Bir başka hadislerinde de şöyle buyurmakta­dır: "Dünyanın herhangi bir yerinde haksız yere bir adam öldürüldüğünde, bu cinayetin suçundan bir pay da, kardeşini öldürerek ilk cinayeti işleyen Âdem oğlu (Kabil hesabı)na yazılır. Çünkü bu cinayeti âdet edenlerin ön­deri odur (kardeşi Habİl'i öldürmüştür)."
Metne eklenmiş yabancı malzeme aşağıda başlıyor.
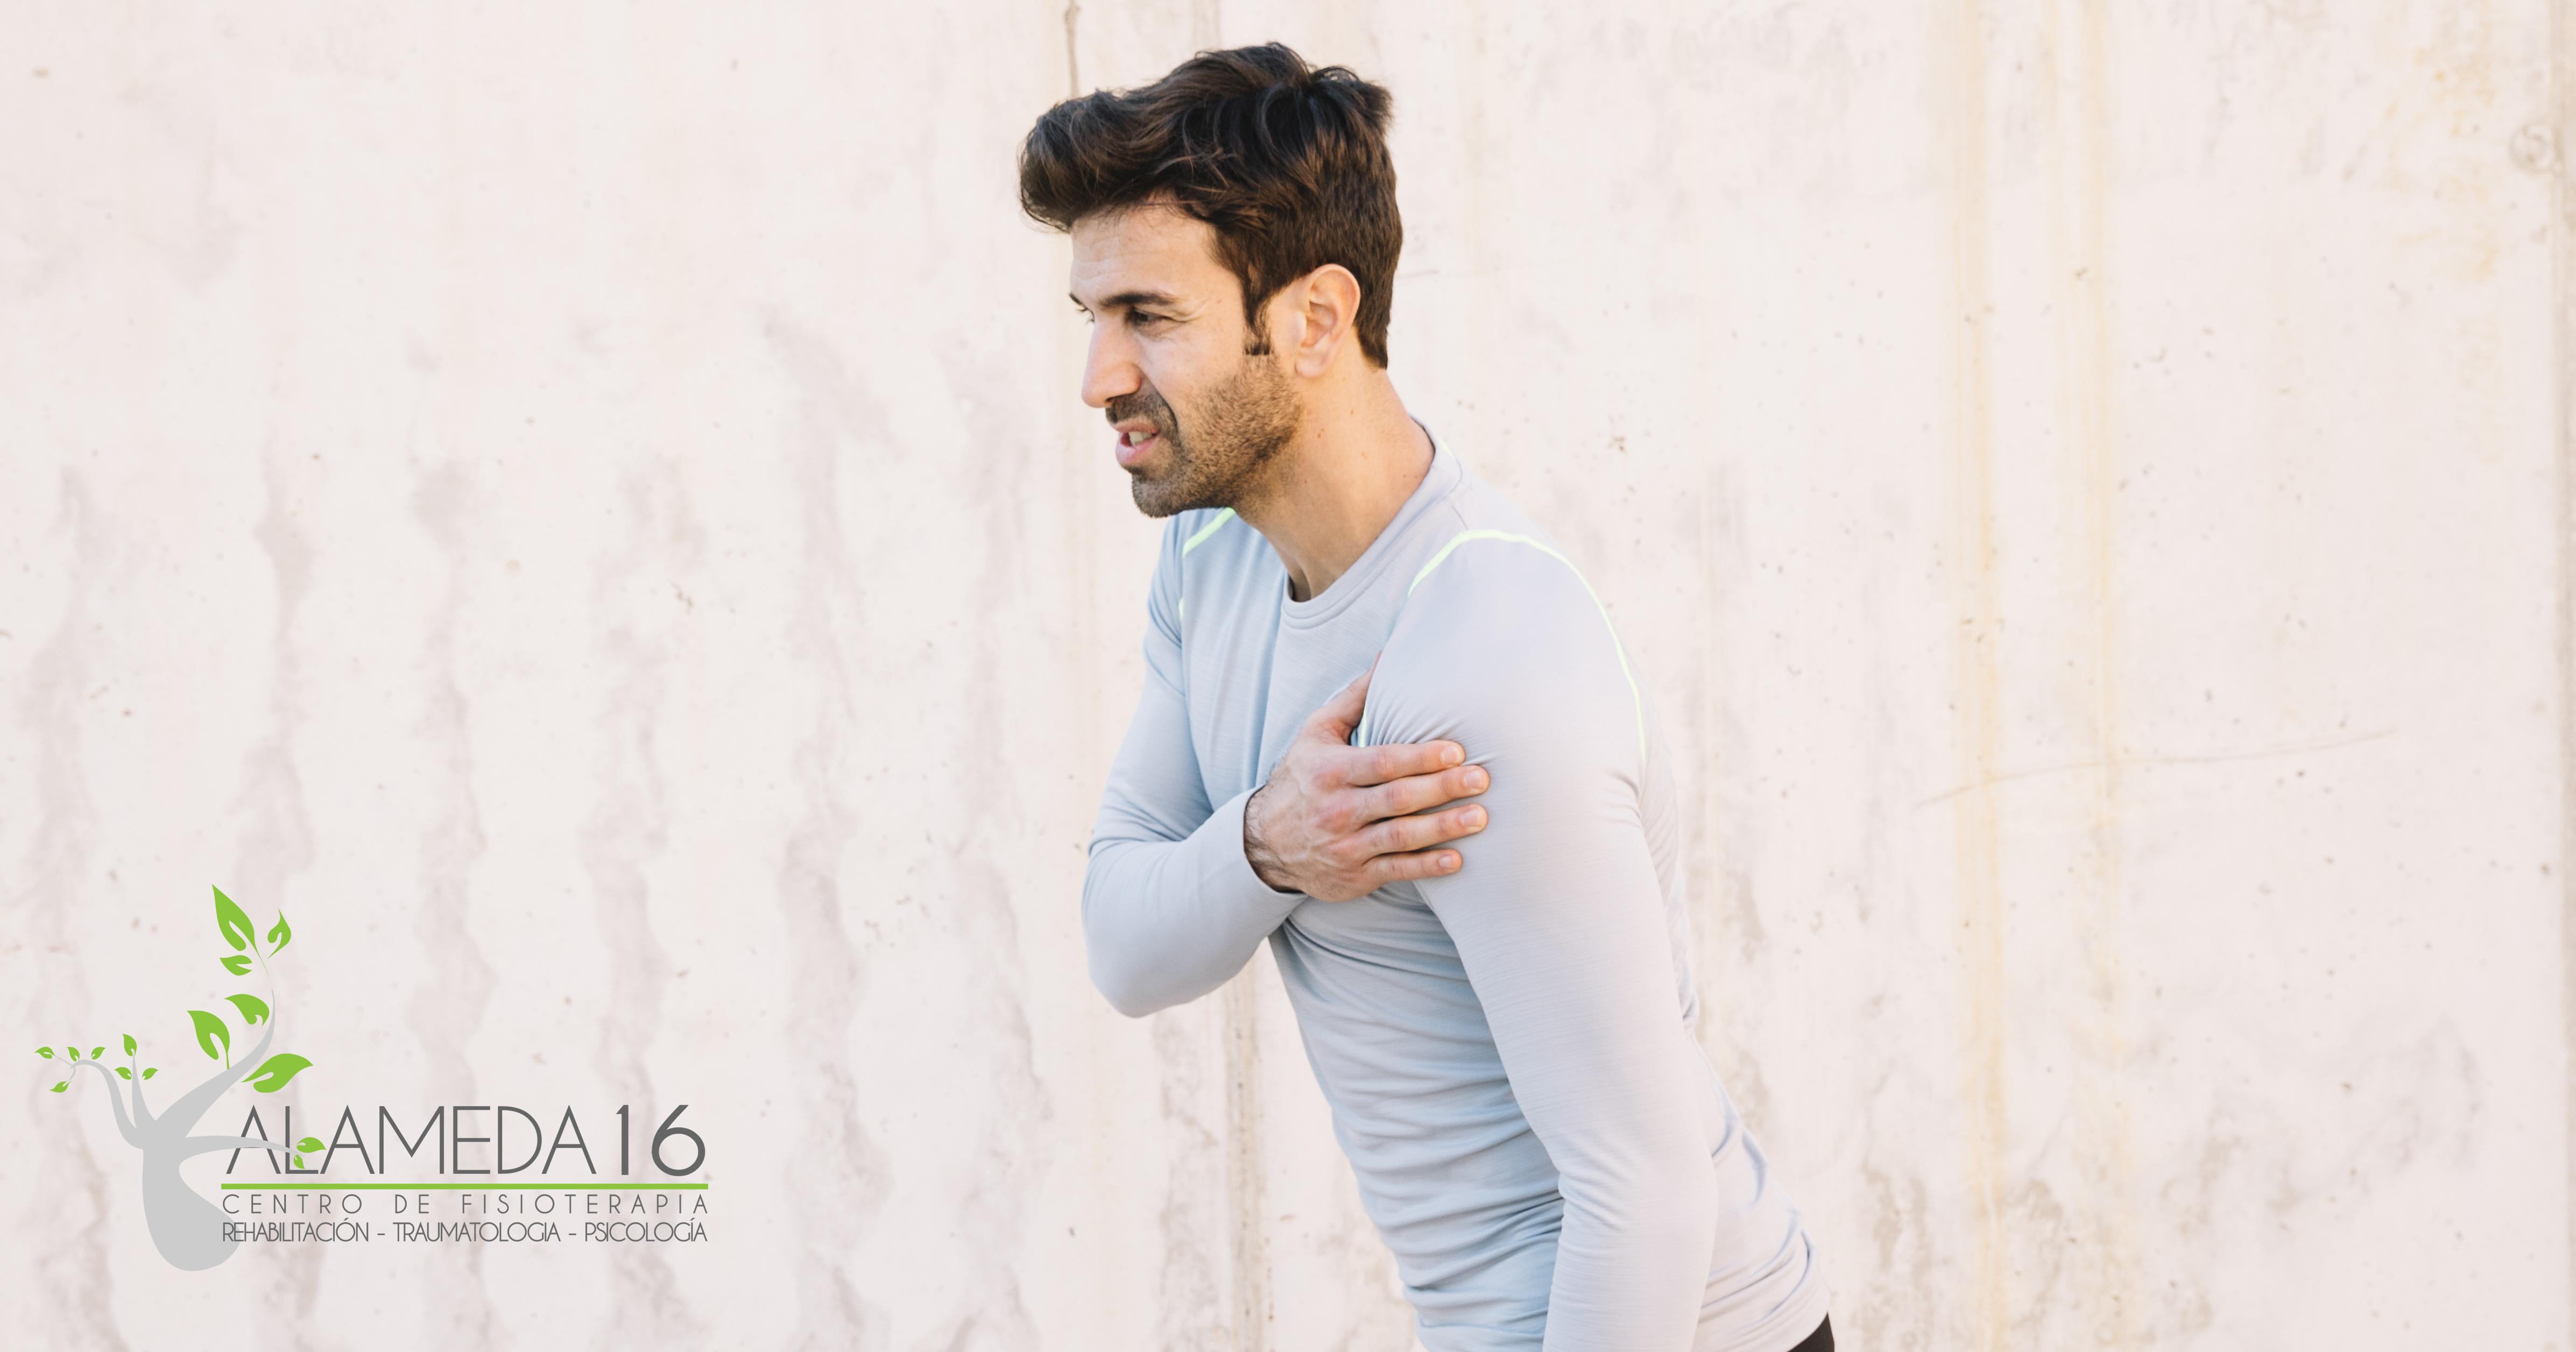 La hipertonía muscular: mejora tu calidad de vida con un tratamiento de fisioterapia adaptado.

Burada açıkça görülmektedir ki, yanlış bir fi­kir başlatan, kötü bir çığır açan kişi ya da grup veyahut topluluk sadece kendi hatasın­dan sorumlu tutulmaz. Aynı zamanda, kendi­lerinden sonrakilere bıraktıkları kötü örnek­ten de hesaba çekilirler. Bu kötülük devam ettiği müddetçe, kendilerinden sonra gelenle­rin günahlarından bir pay da onlara yazılır. Bu, insanın işlediği iyi veya kötü amellerden dolayı şahsî sorumluluğunun yanısıra, bu amellerinin başkalarının hareketlerine olan tesirlerinden de hesaba çekileceğini göster­mektedir.
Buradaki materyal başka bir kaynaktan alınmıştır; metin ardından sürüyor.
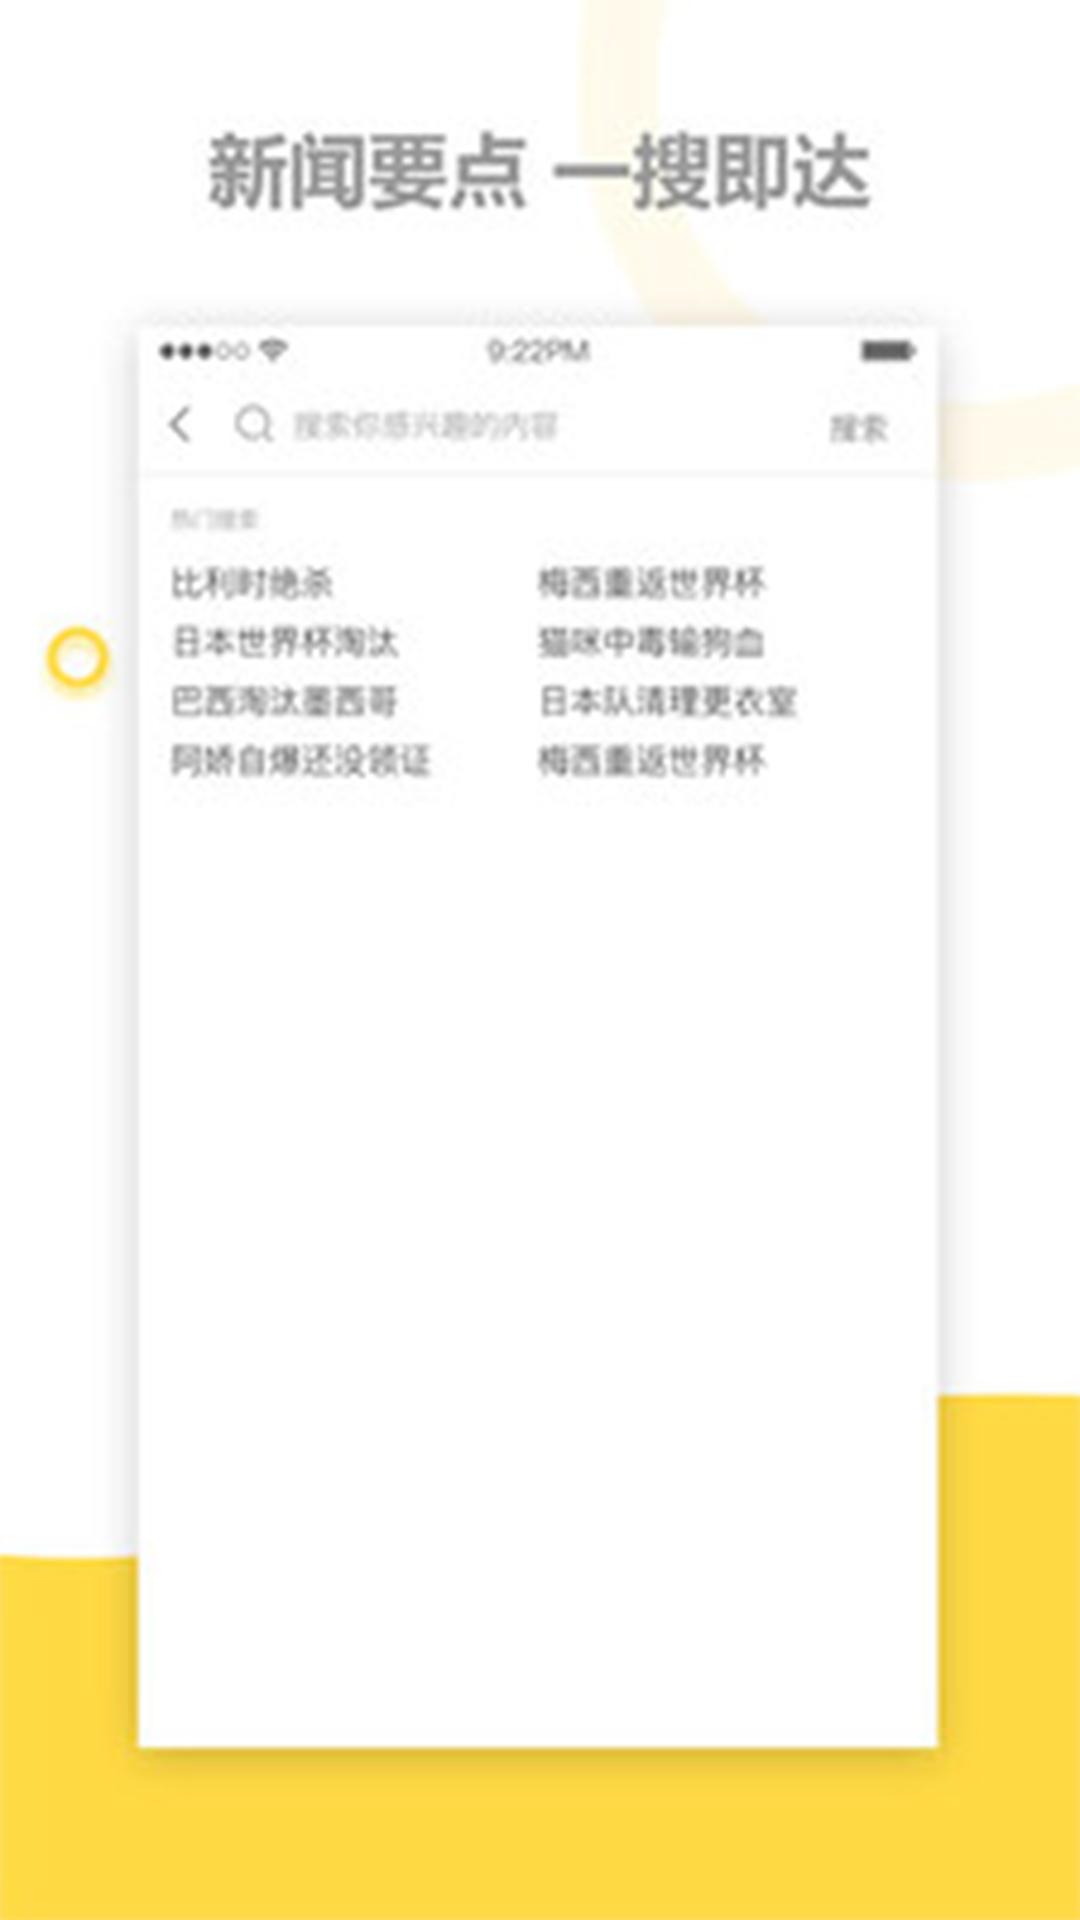 大鱼影视app官方下载

"Zerre miktarı İyliğin ve zerre miktarı kötülü­ğün dahi karşılığını alması gerektiğini düşü­nen herkes, başlangıçtan kıyamete değin bü­tün insanların hesaplarıyla birlikte bir araya getirilecekleri bir başka dünyanın şart olduğu lüzumu neticesine varacaktır. Orada, herşeyi Bilen ve herşeyden Haberdar olan bir Hâkim olacak ve adaleti yerine getirecektir. Adaletin bu dünyada hakkıyla yerini bulmadığı ve bu­lamayacağı apaçık bir gerçektir; bu yüzden bütün insanlığın tekrar bu gayeyle hayata döndürülmesi son derece gereklidir." (The Meaning of the Qur'an, c. V, sh. 107 ve c. IV, sh. 24-28).